Experimental and Computational Insights of Schiff Base Copper(II) Complexes of Para-Substituted Benzaldehydes towards some Bacterial and Target Proteins

Abstract

The search for new antibacterials via in-vitro and computational techniques that support green and sustainable technologies for use in the future necessitated this study, as molecular docking has proved to be a promising lead in development of target drugs. Herein, we report novel copper (II) complexes F1Cu-F3Cu with Schiff bases synthesized from para-substituted benzaldehydes and ortho-aminophenol. The compounds were characterized using elemental analysis, atomic absorption spectroscopy, infrared spectroscopy, ¹H NMR, and electronic absorption spectroscopy. In-vitro antibacterial study against 6 human pathogenic bacteria; Escheriachia coli (ATCC 8739), Staphylococcus aureus (ATCC 6538), Pseudomonas aeruginosa (ATCC 19582), Bacillus cereus (10702), Enterococcus faecalis (ATCC 29212) and Kribsella pneumonia (ATCC 10031) revealed an increase in antibacterial activity with the copper complexes against the free ligands.
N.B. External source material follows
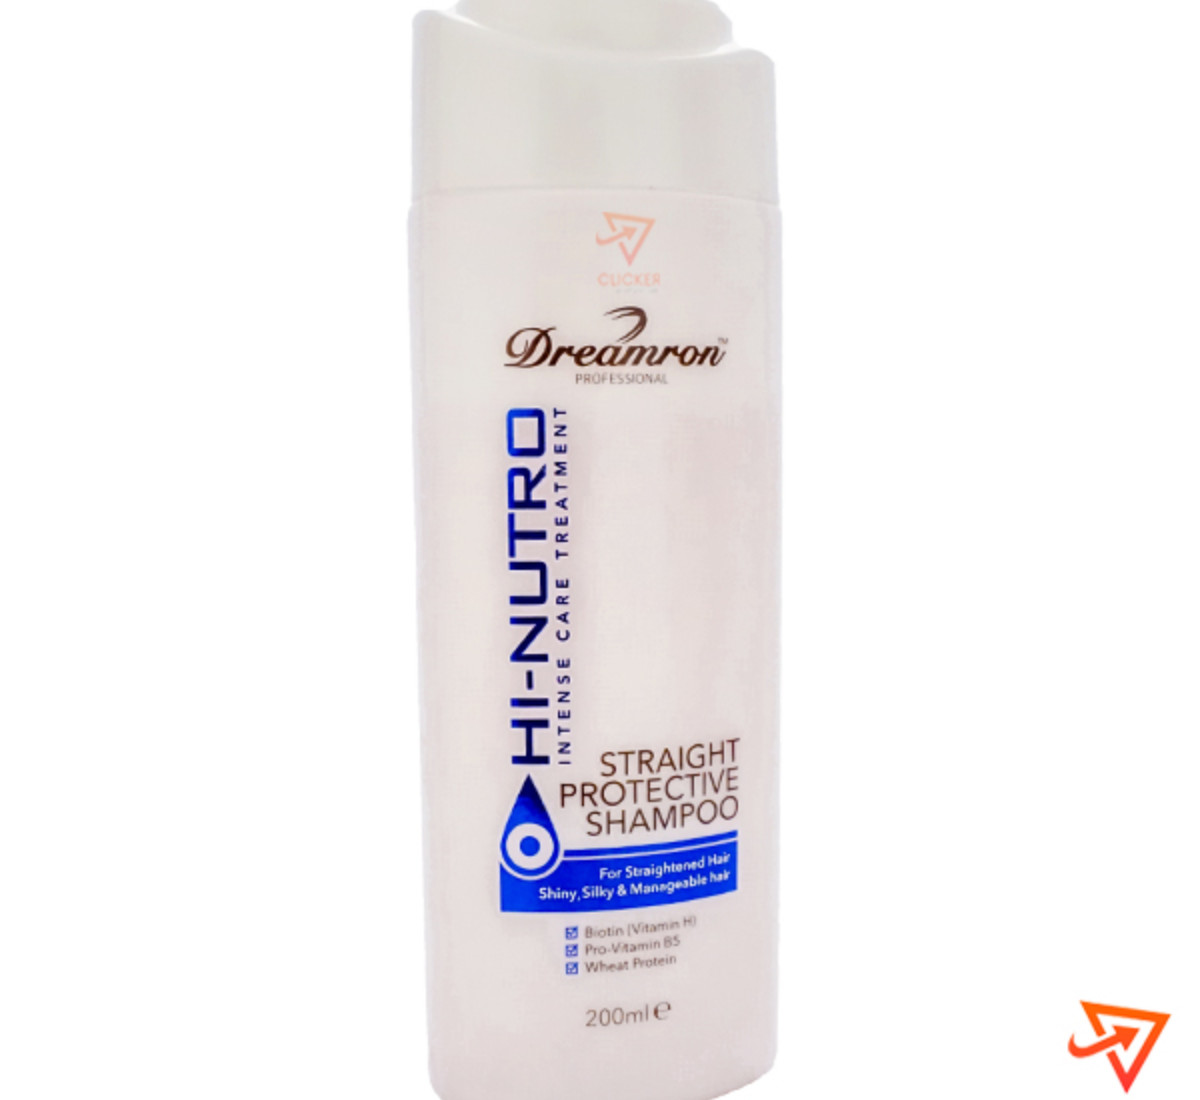 Clicker product 200ml DREAMRON hi-nutro intense care treatment straight protect shampoo 1077
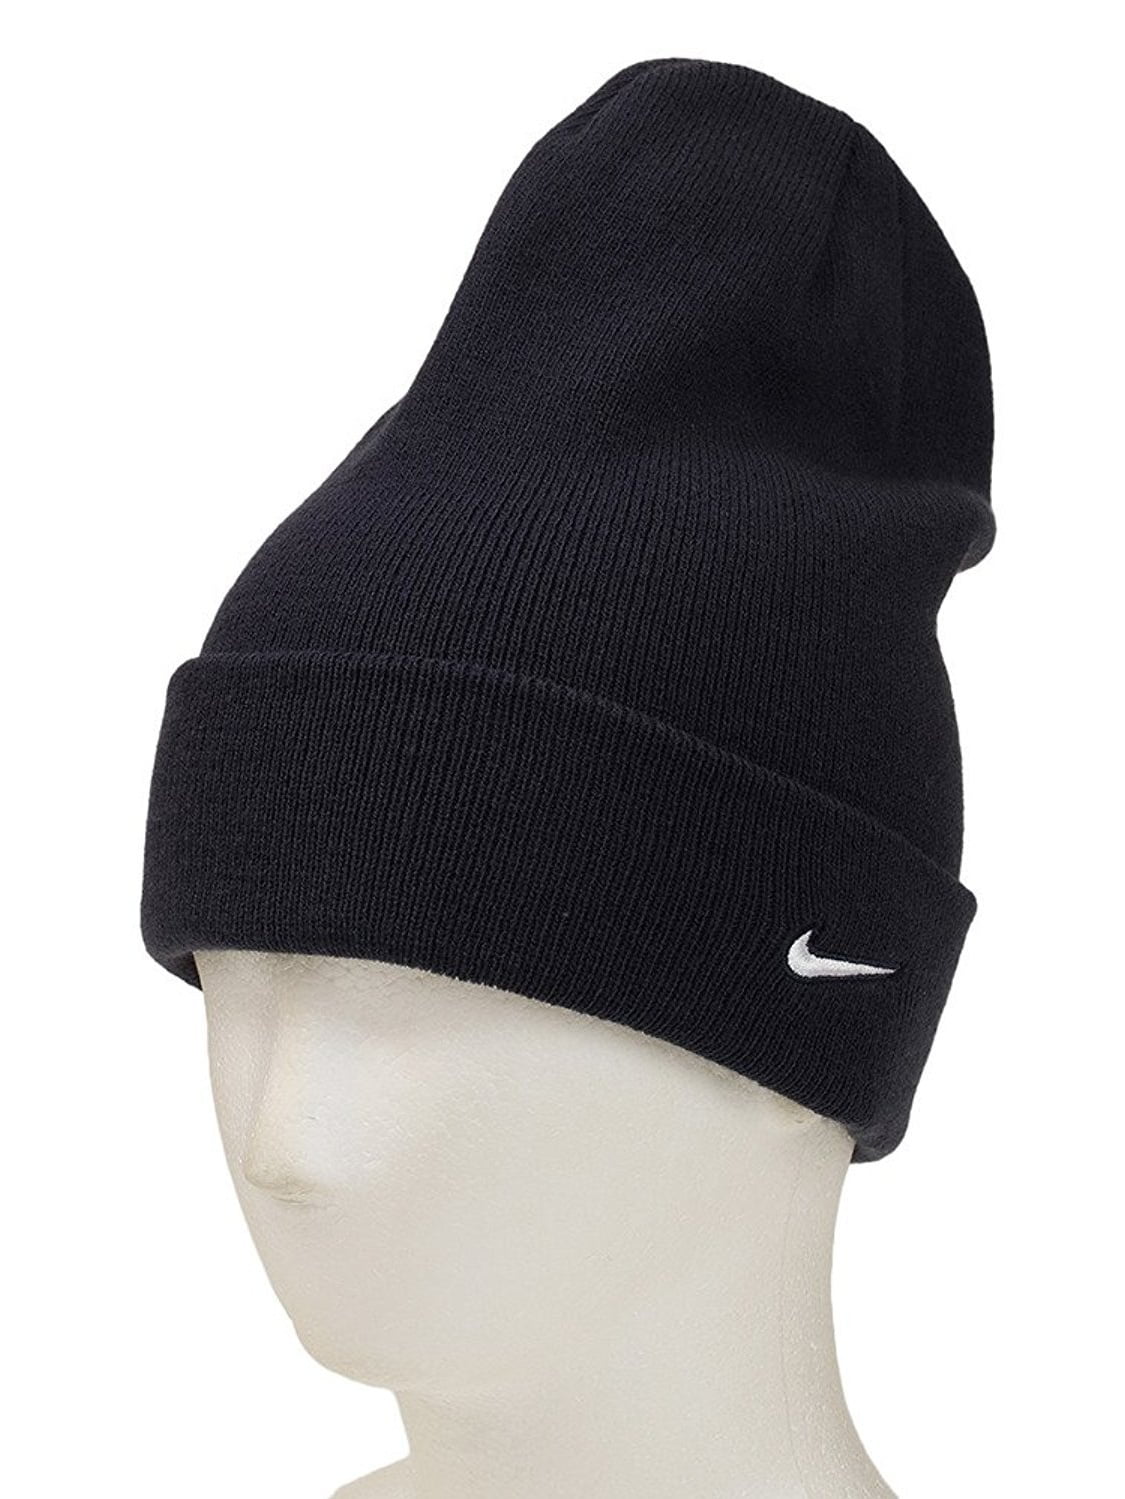 Nike Stock Cuffed Knit Beanie - Walmart.com

This was compared with ampicillin as a reference. To further confirm the activity of the complexes, molecular docking was employed against some clinically important bacterial target proteins specific to each bacterium, which revealed a strong correlation with the experimental antibacterial activity (MIC values) for all the targets studied. The docking results show that the complexes exhibited a much stronger binding interaction with the proteins compared to the parent ligands, with the former having scores of −7.4 to −10.1 kcal/mol and the latter scoring −5.7 to −7.4 kcal/mol. Also, inhibition of the DHFR enzyme by the complexes prevents any substrate from accessing the enzyme, thus disrupting of the folate cycle that is important for the growth of bacteria.  Our synergistic results have shown that these complexes can be developed as an antibacterial agent in drug discovery.